Merchandise Operating Committee. Buyer and Seller will form a committee (the “Merchandising Operating Committee”) that will address all day-to-day operational, financial, and other issues that may arise with respect to this Agreement, including its interpretation, the Parties intent reflected in this Agreement, and the policies and practices between Seller and its Affiliates and the businesses comprising Buyer’s businesses in effect immediately prior to the Effective Date. The Merchandising Operating Committee will discuss all of these issues and will attempt to resolve informally all Disputes in accordance with Section 18(b)(i). The Merchandising Operating Committee will consist of three employees of each Party or of an Affiliate of the Party, in all cases as designated by the Party.
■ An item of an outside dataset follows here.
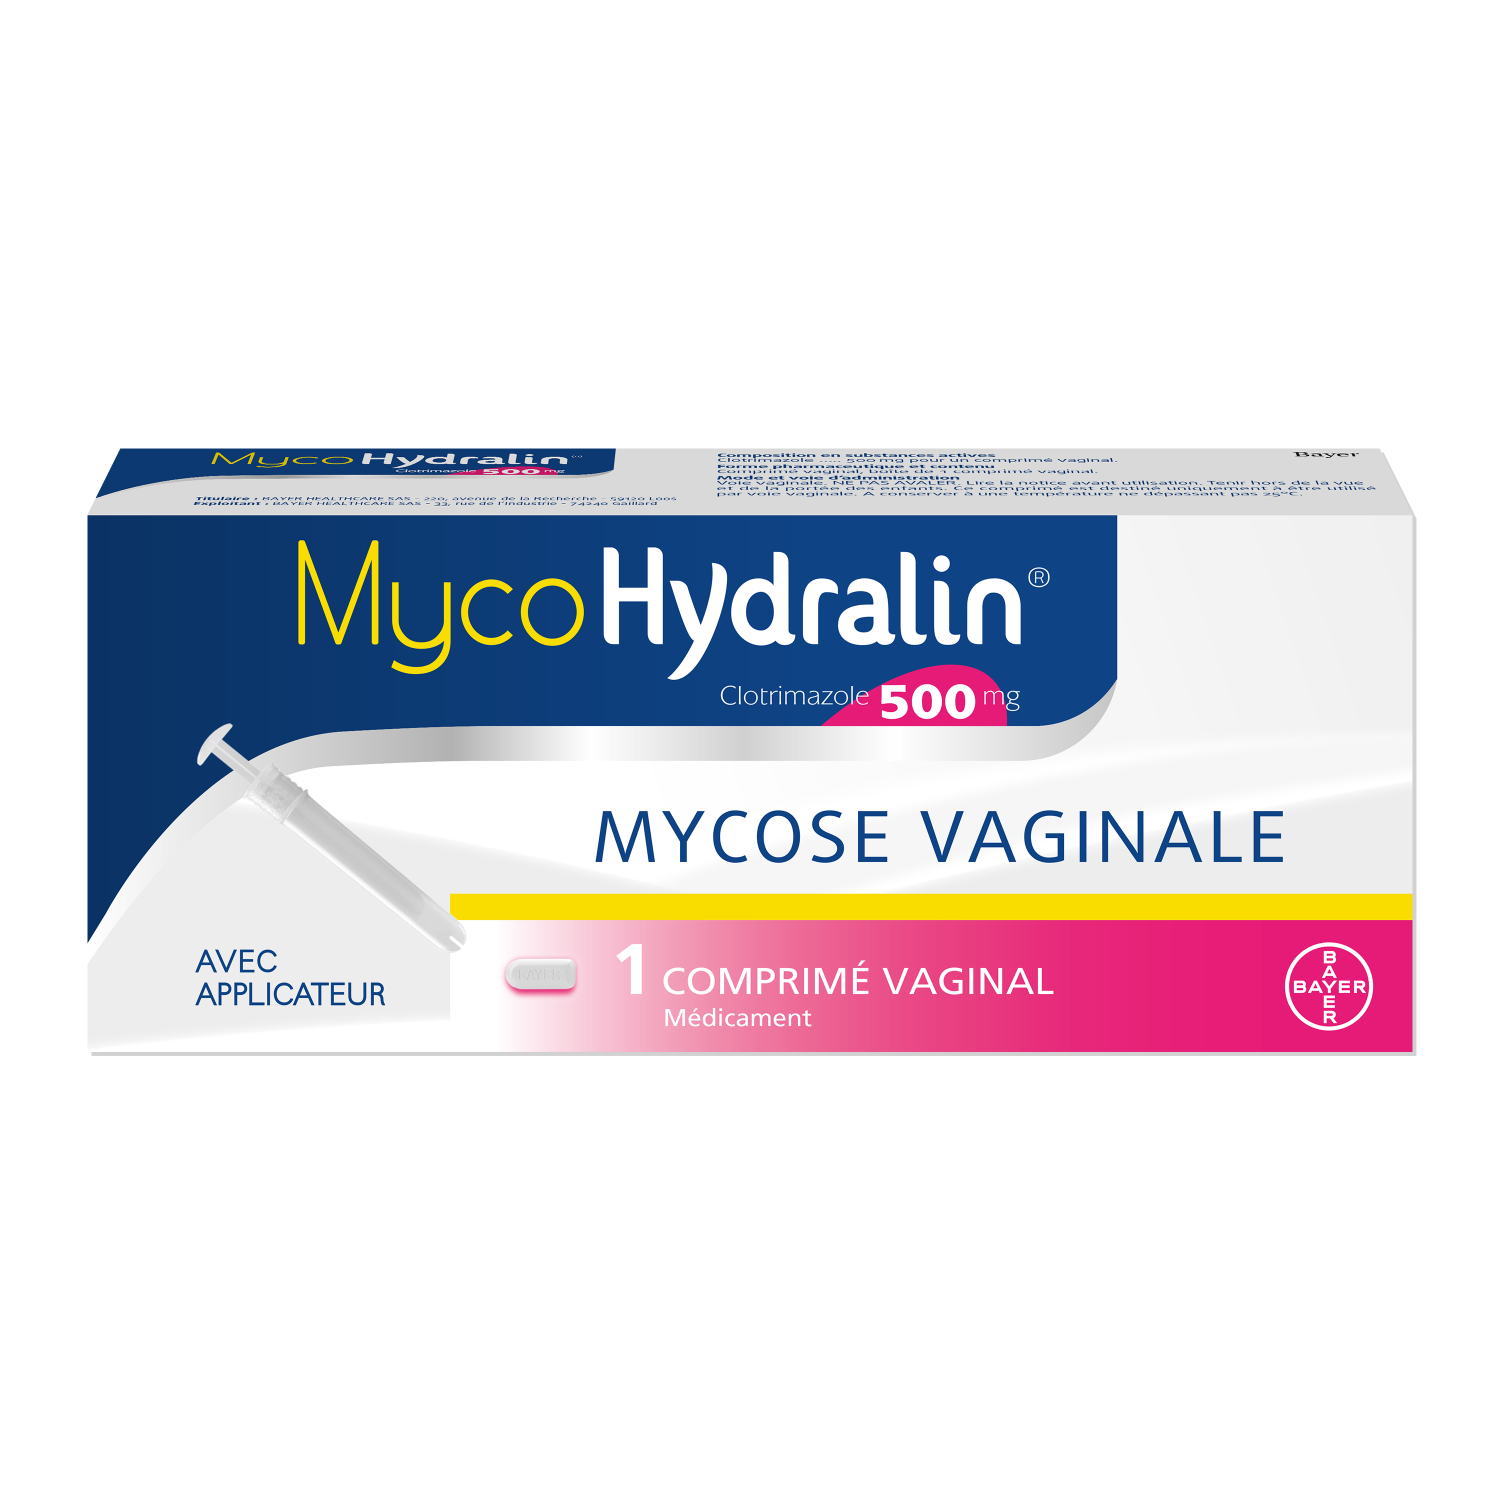 Mycohydralin 200 mg - 3 comprimés vaginaux

The initial employee designees are listed on Appendix 18(a). Each Party may replace one or more of its designees at any time upon notice to the other Party. Each Party will promptly fill all of its Merchandising Operating Committee vacancies as they arise by notice to the other Party. Unless the members of the Merchandising Operating Committee unanimously agree otherwise, the Merchandising Operating Committee will meet at least once every calendar month during the Term on the dates determined by the members of the Merchandising Operating Committee. If the members of the Merchandise Operating Committee cannot agree on a date or a time for a particular monthly meeting the meeting will occur at 1:00 p.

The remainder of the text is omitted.